THERE is only one adrenaline shot which Grace Reid wants to experience any time soon – the thrill of competing at a European Championships on her home terrain of Edinburgh’s Royal Commonwealth pool.

Scotland’s diving sensation – who claimed a gold medal in the Gold Coast back in April – revealed this week that she takes an Epipen with her everywhere she goes, in order to alleviate the effects of a nut allergy which has caused more than one last-minute dash to alleviate the dramatic effects of an anaphylactic reaction.

“I’m really not that unfortunate but I’ve had a lot of problems in terms of allergies, I’m a sensitive old soul I guess,” says Reid. “It is something I have struggled with since I was a little girl, since I was about six. But I’m fortunate, my mum is actually a nurse so if I’ve ever had an episode she is pretty switched on. She is like ‘right, this is not good, we’re going to deal with this’.

“I’ve had instances back home where I have had to go to hospital and just get taken care of,” she added. “Just from cross contamination because I have eaten something and there has been a spoon or something.”

Considering the 22-year-old’s travels since Australia have taken her to Canada twice and Russia twice, then China, keeping on top of all this has taken some getting used to. “It’s something I would love not to have to think about but I do so when I travel I travel with all the medicines I need, when I get to a new place, I go and speak to the chef, get them to understand, no, no I really can’t eat this and I do all I can and minimise the risk. We are very well looked after. But I’m anaphylactic to nuts so going to somewhere like China that’s a strain that I usually don’t think about at home because I know what I can and can’t eat.”

It is 50 days and counting now until this unique multi-sport Euros gets under way in early August – the hub for everything bar the athletics, which is in Berlin, will be Glasgow. With her synchro partner and London training pal Tom Daley, with whom she won European gold, absent as he prepares to have a baby with his husband Dustin Lance Black, Reid will be one of the most recognisable figures present in August. She doesn’t feel this will be too much of a burden, however.

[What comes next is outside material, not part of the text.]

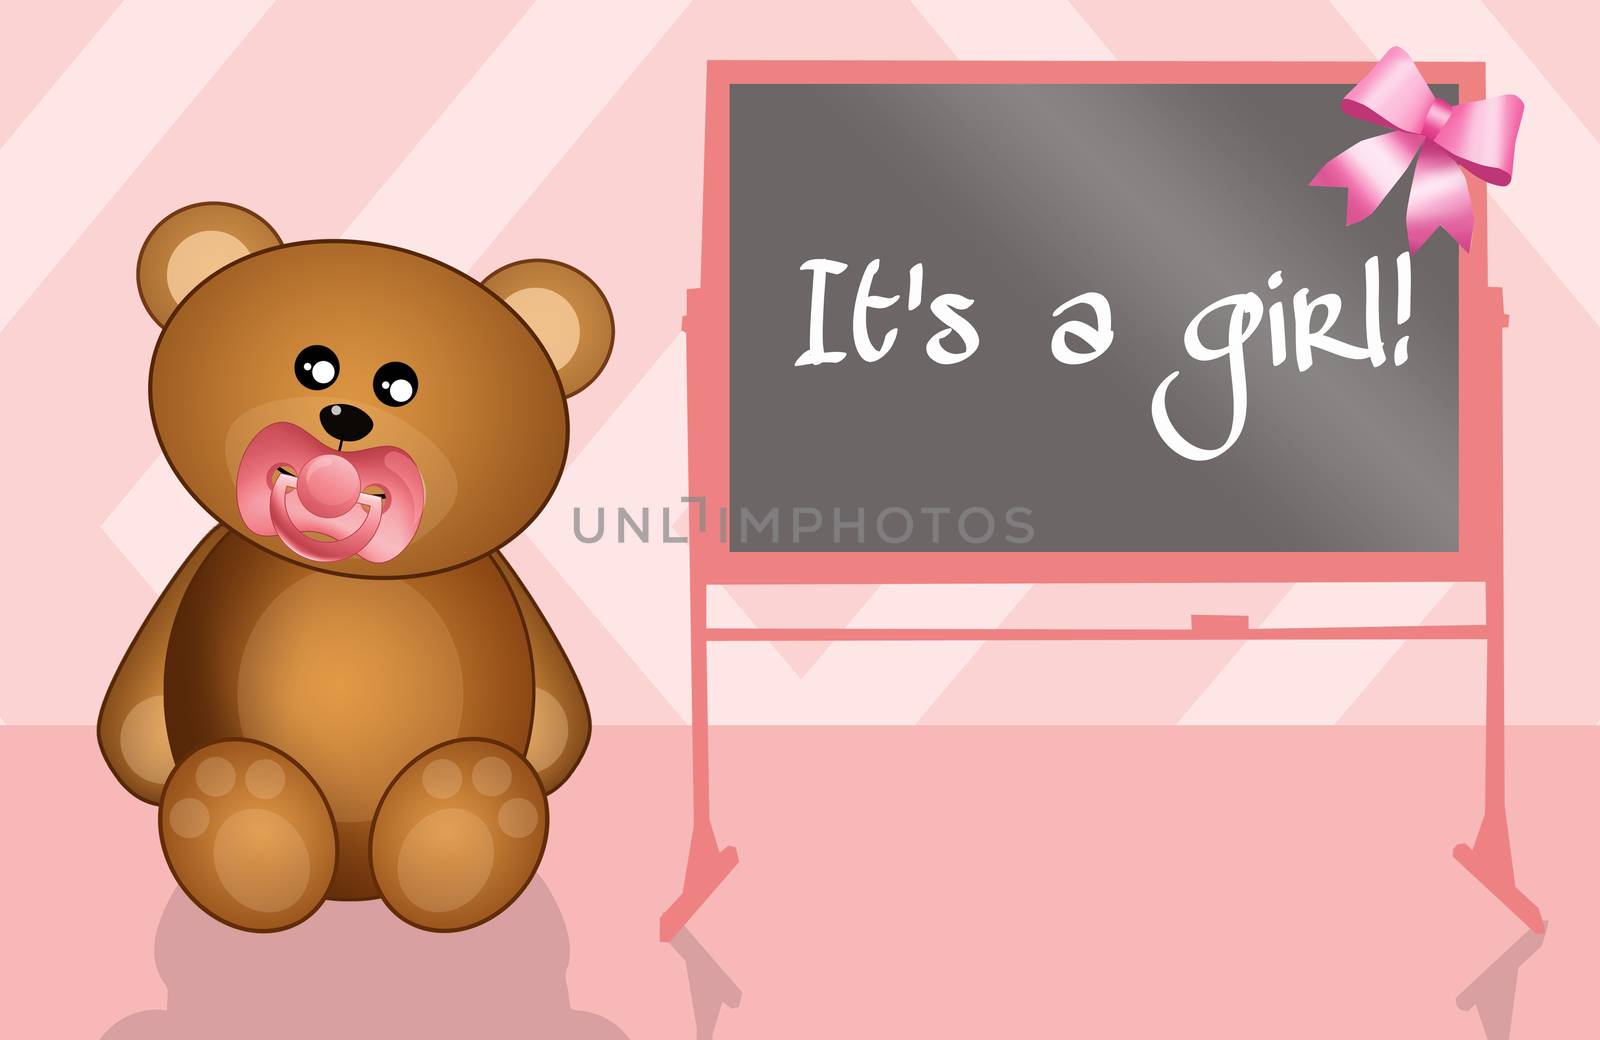 teddy bear for girl

“I don’t think about it like that, I think the British Diving team has so much depth and experience that every athlete on the team that has been announced is a potential top-six medalist, champions within that realm,” she said. “And I am really excited to see how the whole team does, I’d like to think I am a strong member of that team but I am by no means the only one. I absolutely love London and it is feeling like home but this is home, home, as I say to my mum all the time. Coming here, with the home comforts, the familiarity, that home turf I am really hoping will be an asset to help my performance.”

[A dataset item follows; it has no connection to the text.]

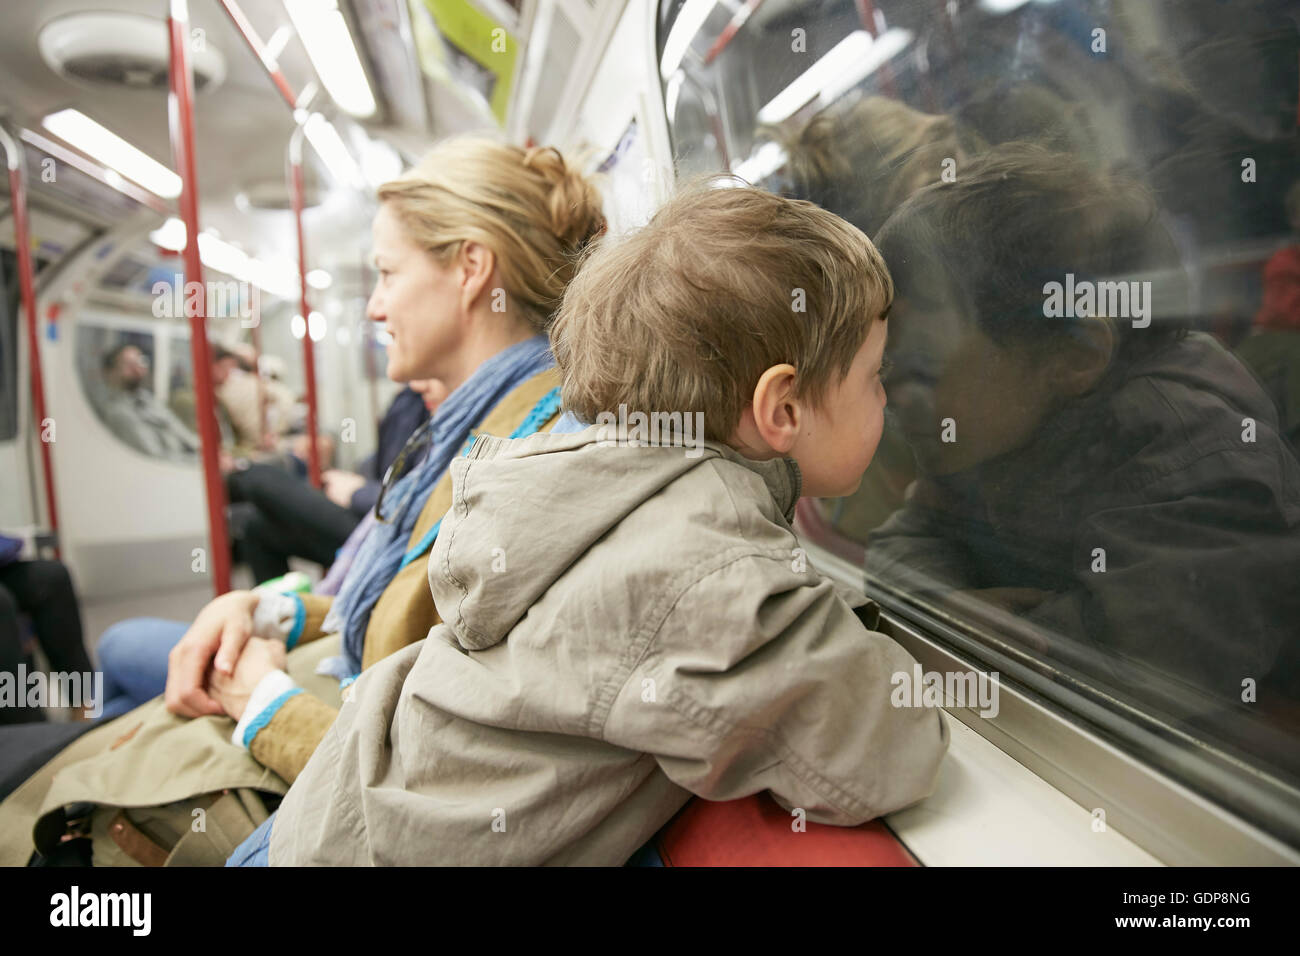 Garçon en train de tube de transport, face contre vitre Banque D'Images

She admits to being a little conflicted as to whether she would ever want Daley’s profile, even though she feels happy just to be “a little tadpole” in the giant pond which is London.

“I suppose it’s six of one and half a dozen the other,” she says. “It’s amazing to think you get invited to this launch and the next thing and that’s so exciting and cool but the downside is you go out with your friends for a coffee with your hair messy and people see you. He [Daley] handles the media fantastically. I’ve never seen him say no to anyone for a picture. If that did ever happen I would hope I’d handle it a similar way.”

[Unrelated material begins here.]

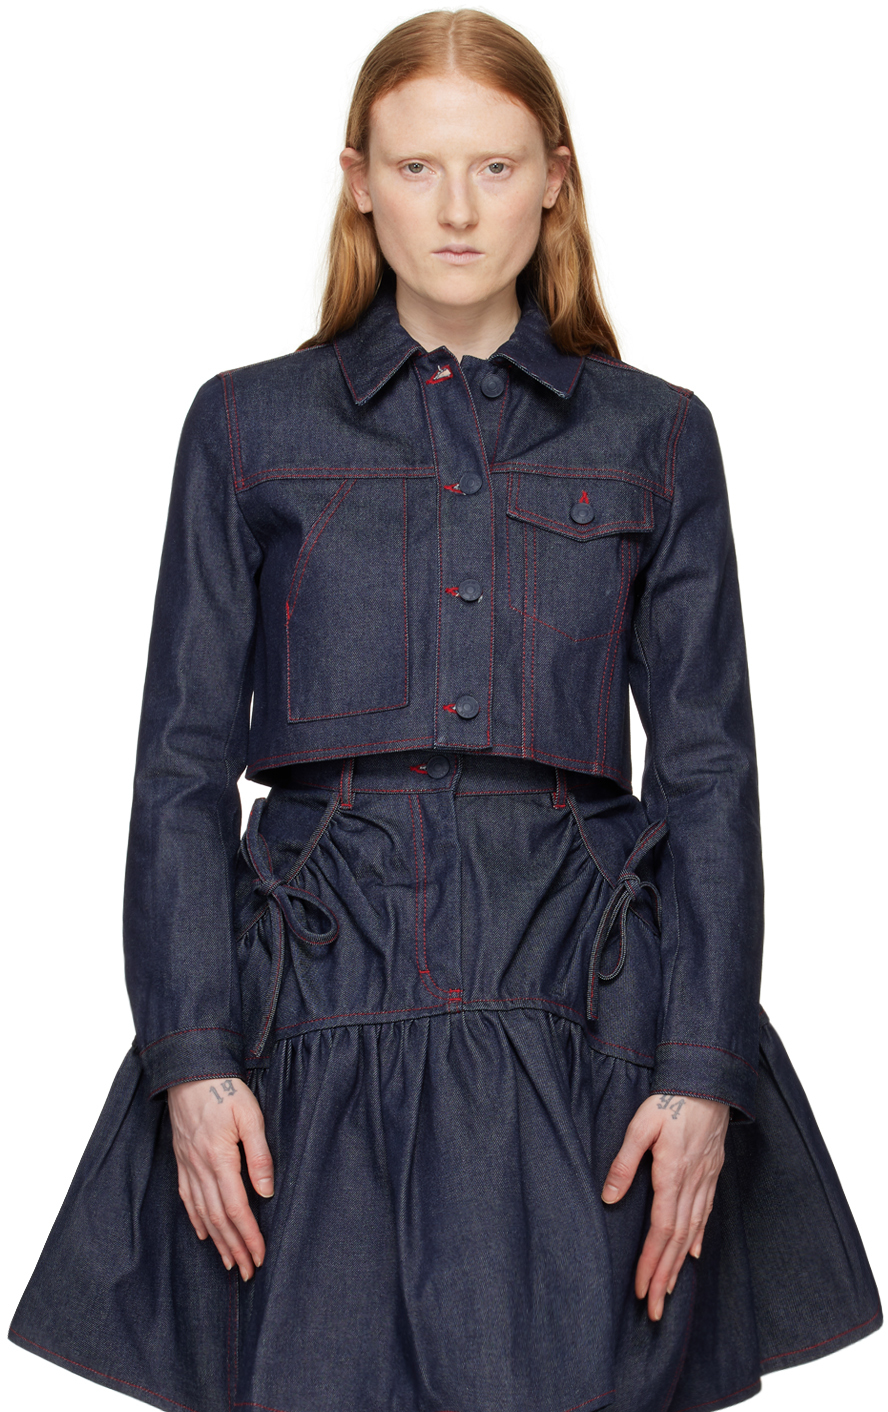 Джинсовая куртка цвета индиго Gracie Cecilie Bahnsen джинсовая куртка h

“In London I am this little tadpole, but that’s really nice and I think it is really humbling to remind you that actually yes okay I am doing really well in my sport but I am a very tiny piece of a big, big system so no it’s nice and I think now and again maybe a little girl will come up to me and say I’ve started diving and that to me means the world, to think that I can have a positive impact on other people.”